For yesterday's race at Gulfstream, Free Country was stretching WAY out from 6 furlongs to 1 1/8 miles, while having not raced since November. Not an easy task, particularly when stepping up to face a horse who had just run second to Old Fashioned in the Remsen. He also appeared to be missing a workout in late December, though he was coming into the race off a heads-up drill with barnmate Danger to Society, a sharp Churchill maiden winner who ended up winning yesterday's 8th race. Also of note was that jockey Kent Desormeaux was getting off the Bill Mott-trained entrant Stormalory (whom he had ridden 3 straight times, most recently in a graded stakes) in order to stay with Free Country. In the race itself, Free Country was stuck down inside while stalking the pace from much closer-up than he had been in his debut, when he came from 10 lengths behind. That may have been due to the slower route fractiuons, or it may signal a change in tactics.

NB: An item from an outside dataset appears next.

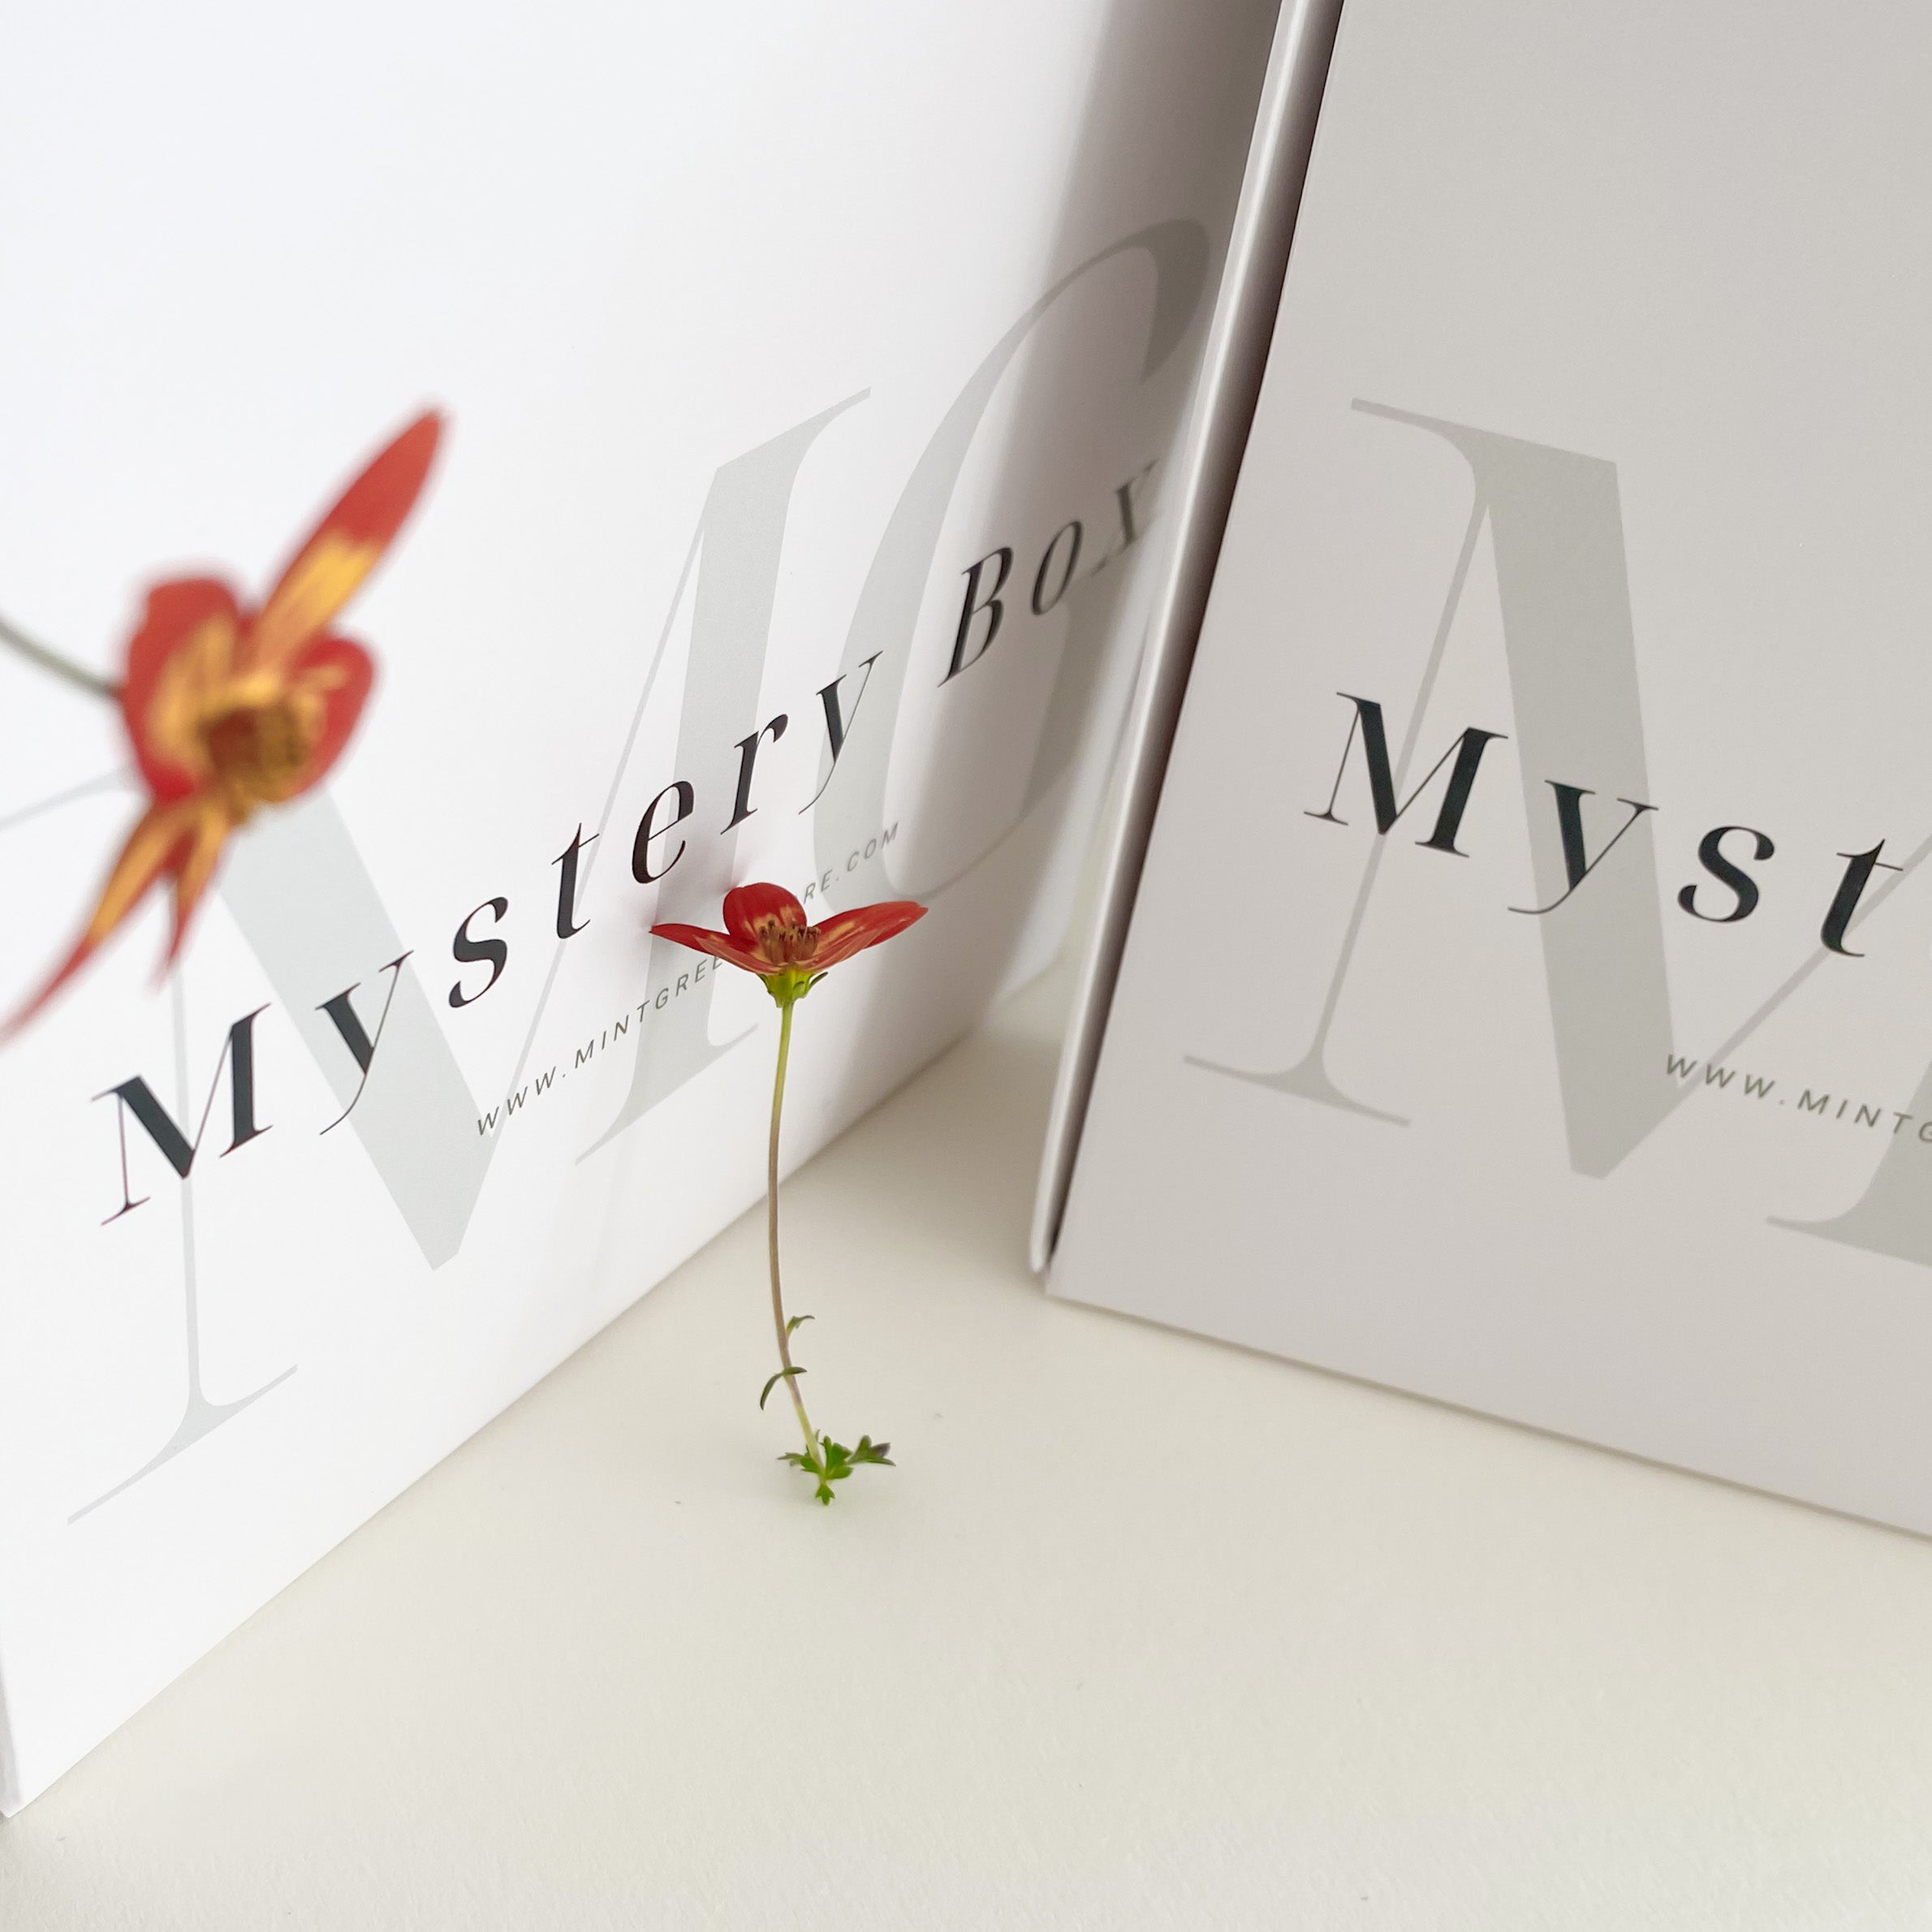 Caixa Mistério | Mystery package

Anyway, he was stuck behind horses along the rail while clearly full of run, and was lucky enough to have the leader drift off the rail when turning for home, at which point he promptly shot through and took command. The only bad thing i can say is that he failed to open up once he took the lead, but again, this is a horse who was stretching way out in distance while coming off a layoff, and he did maintain his advantage over that Remsen runner-up once he took the lead. Never looked in any real jeapordy of losing. McPeek had also mentioned before the race that Free Country (and his other trainees in the two allowance races yesterday) were "not overdone" for the race. So taking all this into account, i'd have to expect further improvement from this colt, who is already 2-for-2 at two different racetracks. It also doesn't hurt that he's a winner at 1 1/8 miles, something not very many 3yo's can say right now. Definitely one to follow.